What Is Organizational Structure?

Read this article for an overview of why a company might select different organizational structures. You will review the elements of an organizational structure, including departmentalization, the chain of command, and the span of control.

Work Specialization

Earlier, we studied Frederick Winslow Taylor, who researched time and motion and determined the most efficient ways for workers to do their tasks. Taylor's "one right way" was the birth of work specialization. When Henry Ford conceived the assembly line, he tossed aside "one best way" and viewed work specialization with an eye toward continued improvement. Work specialization describes the degree to which activities in the organization are divided, and then subdivided, into separate jobs.

If you put one worker on the task of building an automobile, he might still be building it a month or two later. But if you have one worker that's focused on installing right front tires, and another who is focused on left front fenders, then those tasks become standardized. Employees learn to do them quickly with practice.

By the 1940s, most manufacturers were practicing work specialization, or "division of labor" as it's sometimes called. Work specialization was ideal from a task point of view - easy tasks could be done by unskilled labor, and those tasks that required more skill could be separated out and addressed by employees that possessed those skills. Those skilled employees weren't wasting their time on tasks they didn't have to be doing.

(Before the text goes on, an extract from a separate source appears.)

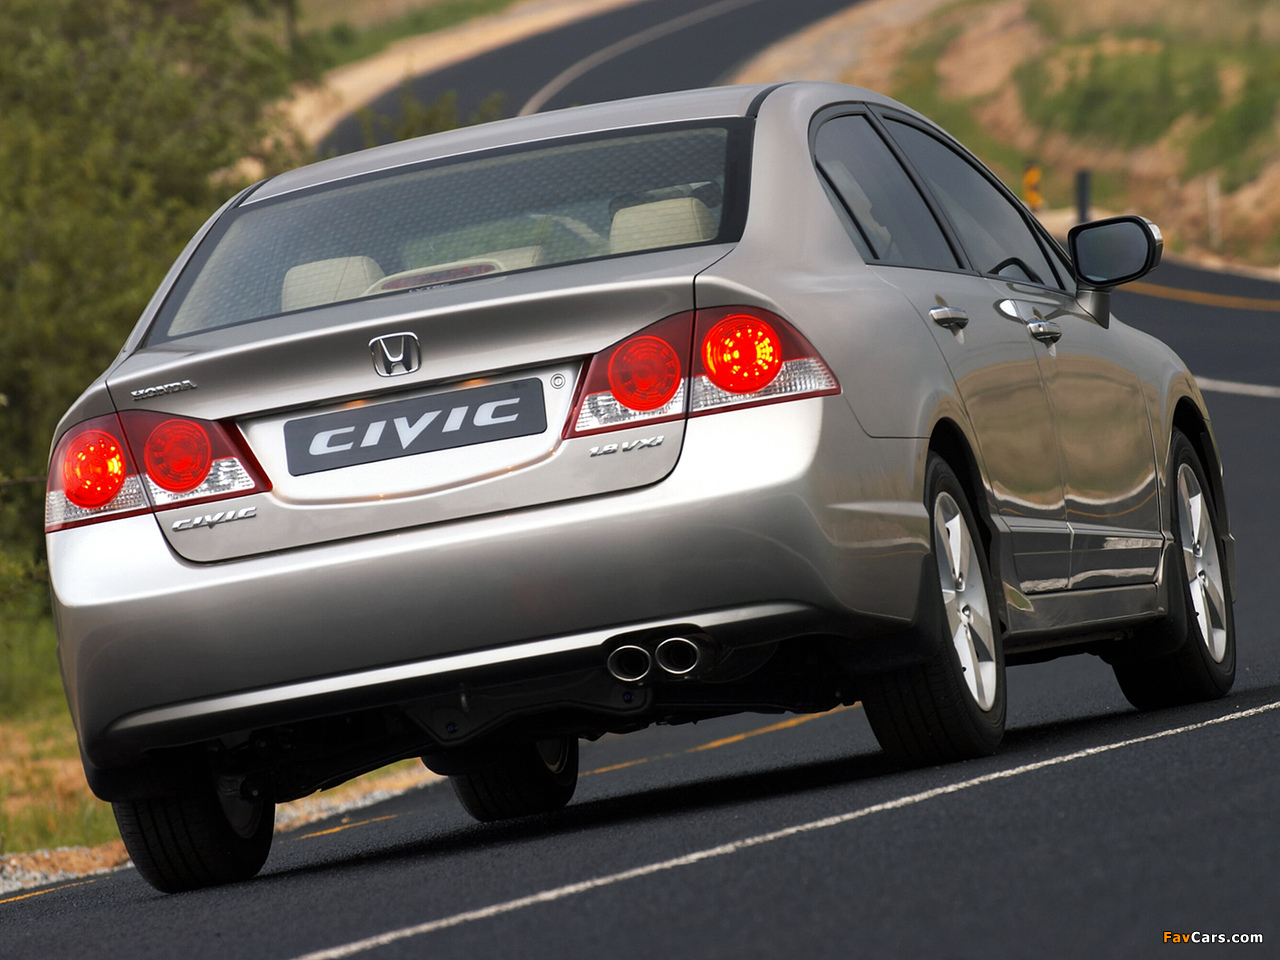 Images of Honda Civic Sedan ZA-spec (FD) 2006–08 (1280x960)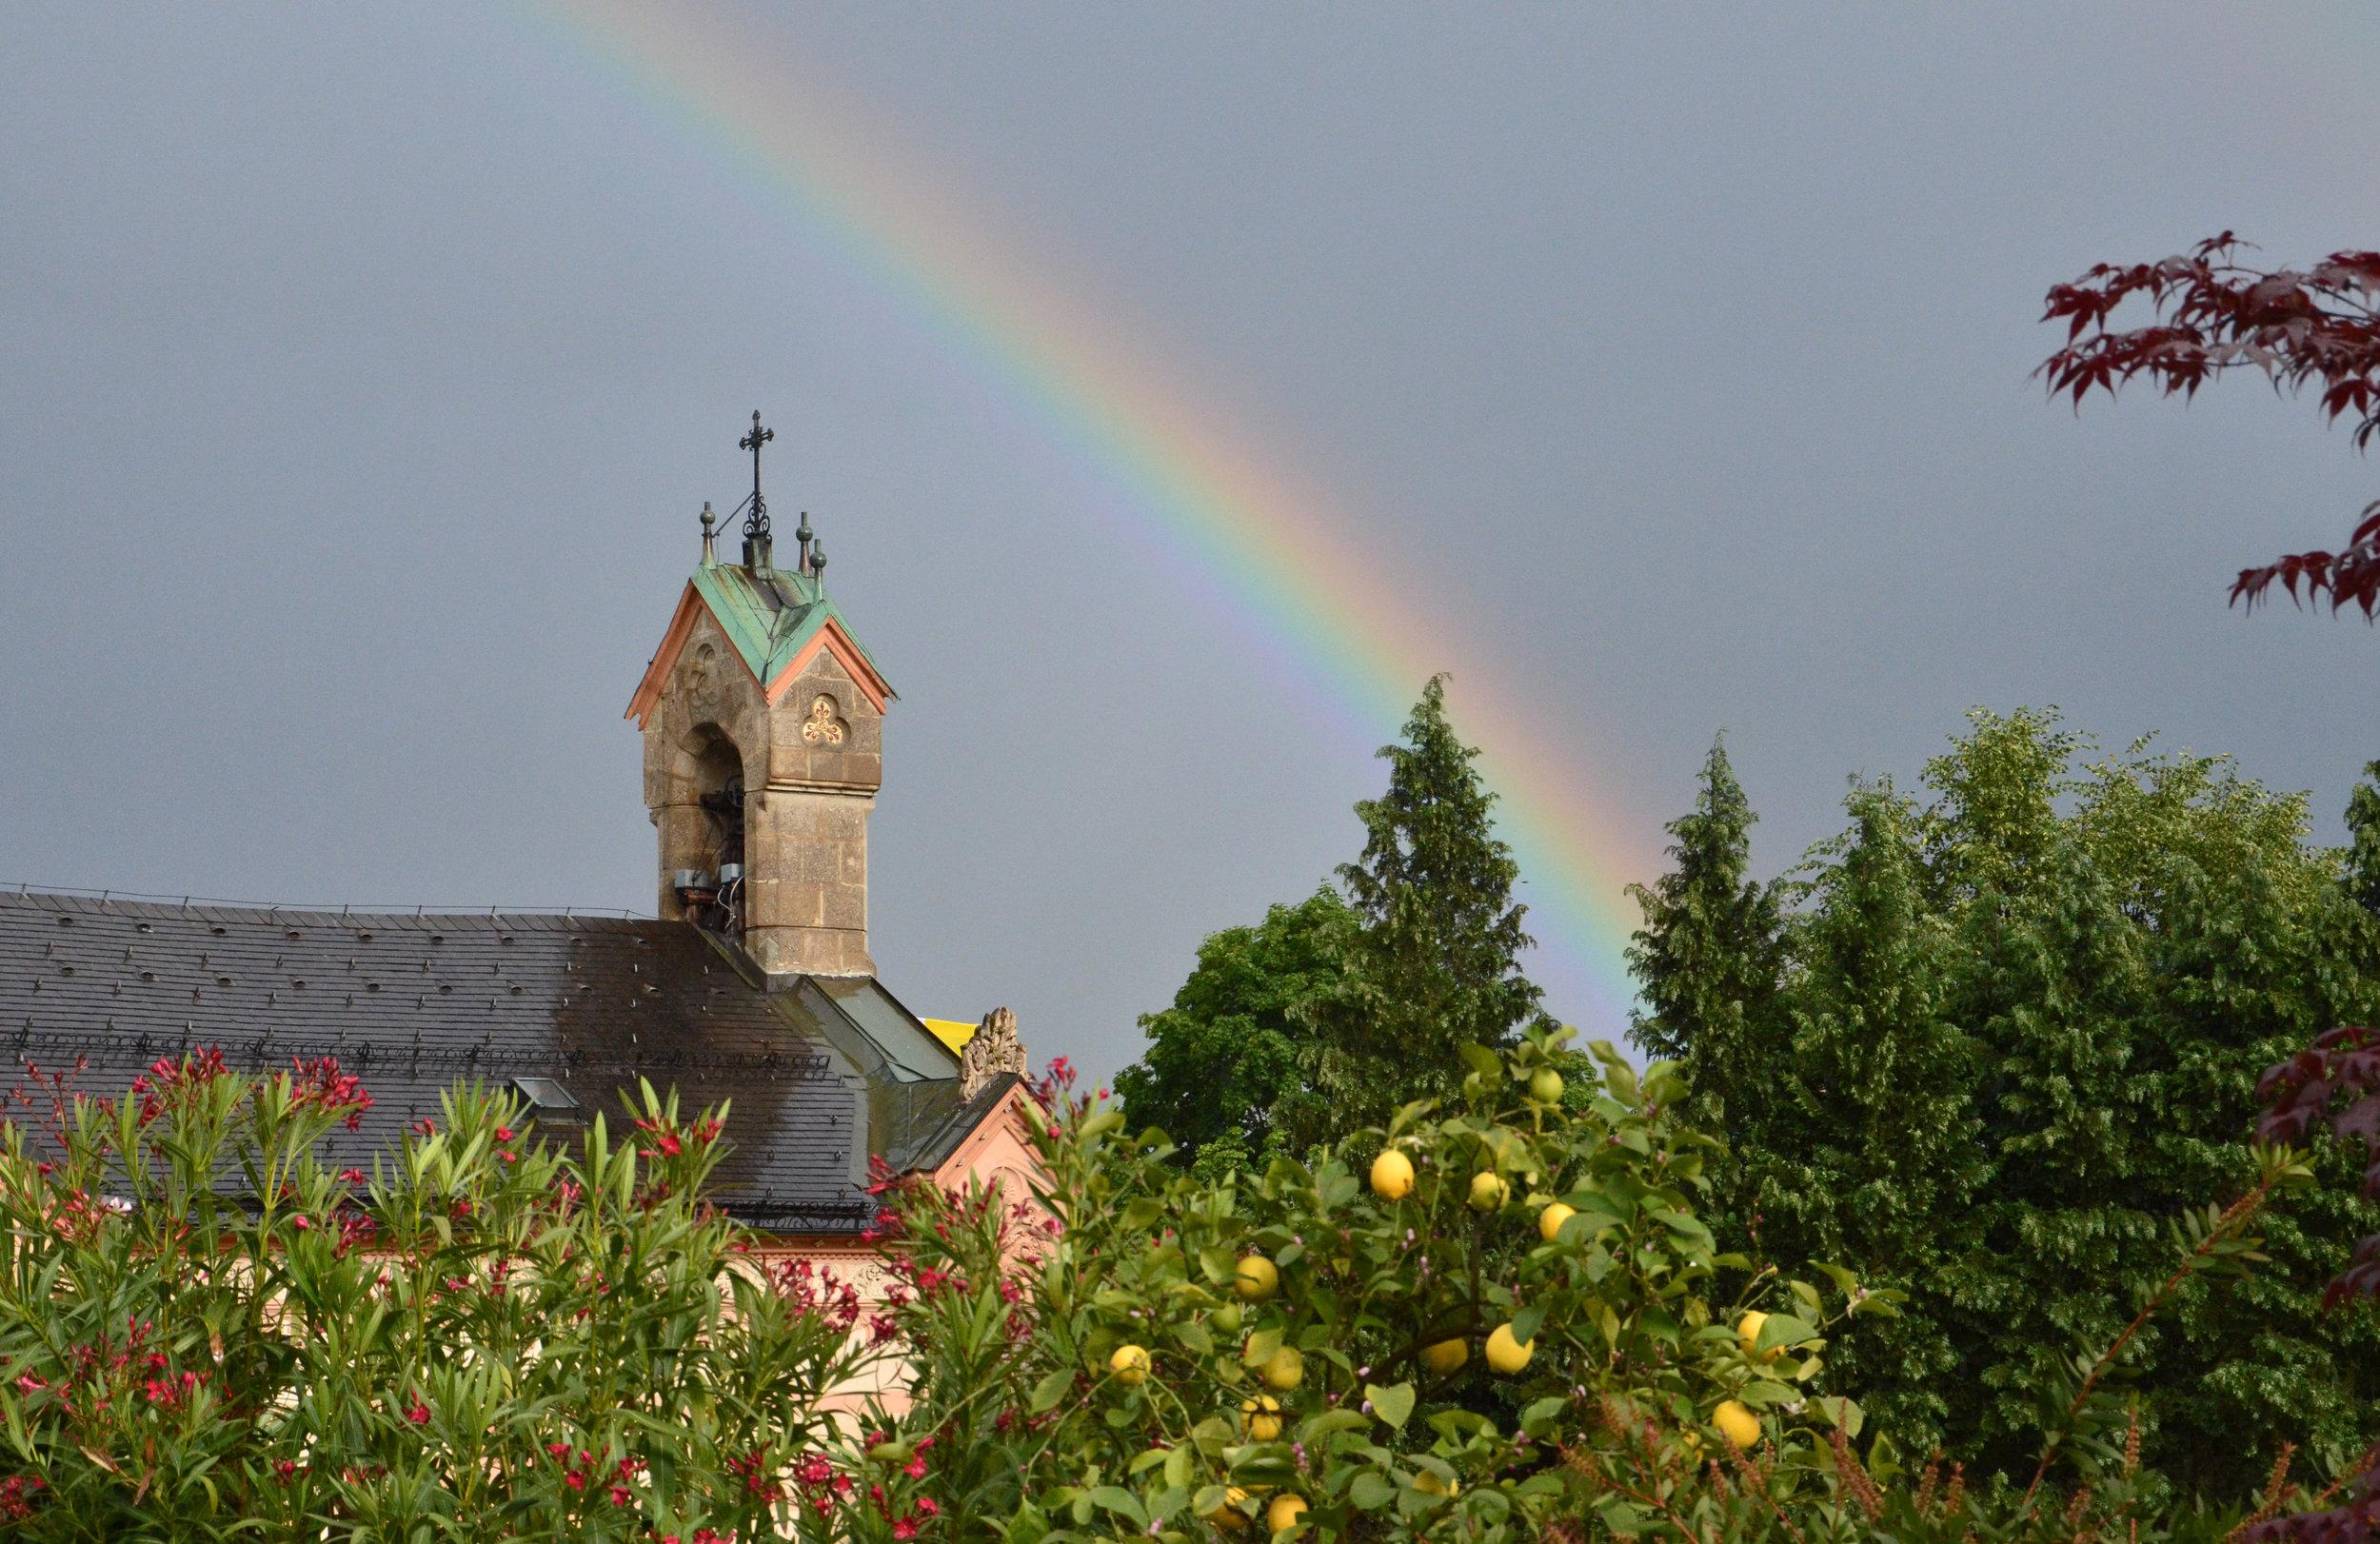 Regenbogen über der Kirche.JPG

Work specialization was also ideal from a productivity point of view. Installation of brake pads requires different tools than the installation of a tire, and when workers were assigned to one of those tasks instead of both, tools didn't need to be taken out and put away. Employees could cheaply be trained to do one specific task, and many employees, each trained to do their specific task, could assemble highly complex machinery quicker and easier than one highly trained employee that possessed all the skills to complete the assembly.

Manufacturers continued to tinker with and fine-tune worker specialization to increase productivity until the 1960s, when it became clear that a good thing could be taken too far. Boredom, stress, low productivity, increased absenteeism and turnover offset higher productivity. Manufacturers responded by enlarging worker specialization, including more tasks within a position to increase engagement.